- Problem description
Every line below that contains the word "designed" must be copied.

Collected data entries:
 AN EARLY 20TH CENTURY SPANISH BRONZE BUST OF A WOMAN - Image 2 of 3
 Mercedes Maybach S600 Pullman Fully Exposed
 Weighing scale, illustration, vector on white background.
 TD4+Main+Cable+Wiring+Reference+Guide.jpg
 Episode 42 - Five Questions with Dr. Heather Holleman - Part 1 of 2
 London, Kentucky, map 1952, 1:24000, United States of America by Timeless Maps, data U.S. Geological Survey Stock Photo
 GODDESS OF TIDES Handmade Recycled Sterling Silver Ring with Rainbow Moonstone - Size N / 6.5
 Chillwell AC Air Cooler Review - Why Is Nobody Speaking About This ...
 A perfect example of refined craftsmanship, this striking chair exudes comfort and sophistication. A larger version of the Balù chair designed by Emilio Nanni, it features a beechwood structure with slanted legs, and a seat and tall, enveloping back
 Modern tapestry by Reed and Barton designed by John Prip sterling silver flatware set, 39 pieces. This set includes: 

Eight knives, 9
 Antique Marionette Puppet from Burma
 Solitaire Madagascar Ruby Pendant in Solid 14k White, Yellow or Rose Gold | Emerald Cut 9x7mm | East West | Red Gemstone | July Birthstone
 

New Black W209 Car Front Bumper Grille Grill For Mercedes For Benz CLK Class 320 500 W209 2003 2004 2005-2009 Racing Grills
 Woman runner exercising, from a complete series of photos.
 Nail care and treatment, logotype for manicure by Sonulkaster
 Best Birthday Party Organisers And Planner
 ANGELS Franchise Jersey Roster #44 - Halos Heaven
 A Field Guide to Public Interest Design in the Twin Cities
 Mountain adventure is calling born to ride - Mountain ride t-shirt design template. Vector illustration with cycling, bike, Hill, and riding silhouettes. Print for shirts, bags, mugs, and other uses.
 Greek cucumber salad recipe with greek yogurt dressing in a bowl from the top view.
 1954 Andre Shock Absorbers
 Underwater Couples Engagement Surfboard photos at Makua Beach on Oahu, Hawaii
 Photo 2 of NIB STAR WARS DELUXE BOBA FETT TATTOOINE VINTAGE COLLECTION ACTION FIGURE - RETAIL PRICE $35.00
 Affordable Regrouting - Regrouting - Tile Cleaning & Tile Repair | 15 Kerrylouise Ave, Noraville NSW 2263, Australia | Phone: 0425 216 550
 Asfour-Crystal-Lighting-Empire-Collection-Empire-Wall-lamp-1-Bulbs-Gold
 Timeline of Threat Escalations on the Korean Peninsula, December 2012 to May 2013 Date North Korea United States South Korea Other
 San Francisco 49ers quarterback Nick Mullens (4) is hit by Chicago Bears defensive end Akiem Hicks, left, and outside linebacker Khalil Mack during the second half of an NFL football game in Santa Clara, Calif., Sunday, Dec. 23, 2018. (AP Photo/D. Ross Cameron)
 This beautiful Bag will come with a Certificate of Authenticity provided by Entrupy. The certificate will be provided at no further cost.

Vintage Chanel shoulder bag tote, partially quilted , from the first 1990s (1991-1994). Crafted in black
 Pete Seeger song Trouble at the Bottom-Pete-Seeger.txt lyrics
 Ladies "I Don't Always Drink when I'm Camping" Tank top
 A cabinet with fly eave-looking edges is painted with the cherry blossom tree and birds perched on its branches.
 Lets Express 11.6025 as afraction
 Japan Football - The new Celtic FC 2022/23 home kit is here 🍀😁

- Answer to this exercise
 A perfect example of refined craftsmanship, this striking chair exudes comfort and sophistication. A larger version of the Balù chair designed by Emilio Nanni, it features a beechwood structure with slanted legs, and a seat and tall, enveloping back
 Modern tapestry by Reed and Barton designed by John Prip sterling silver flatware set, 39 pieces. This set includes: 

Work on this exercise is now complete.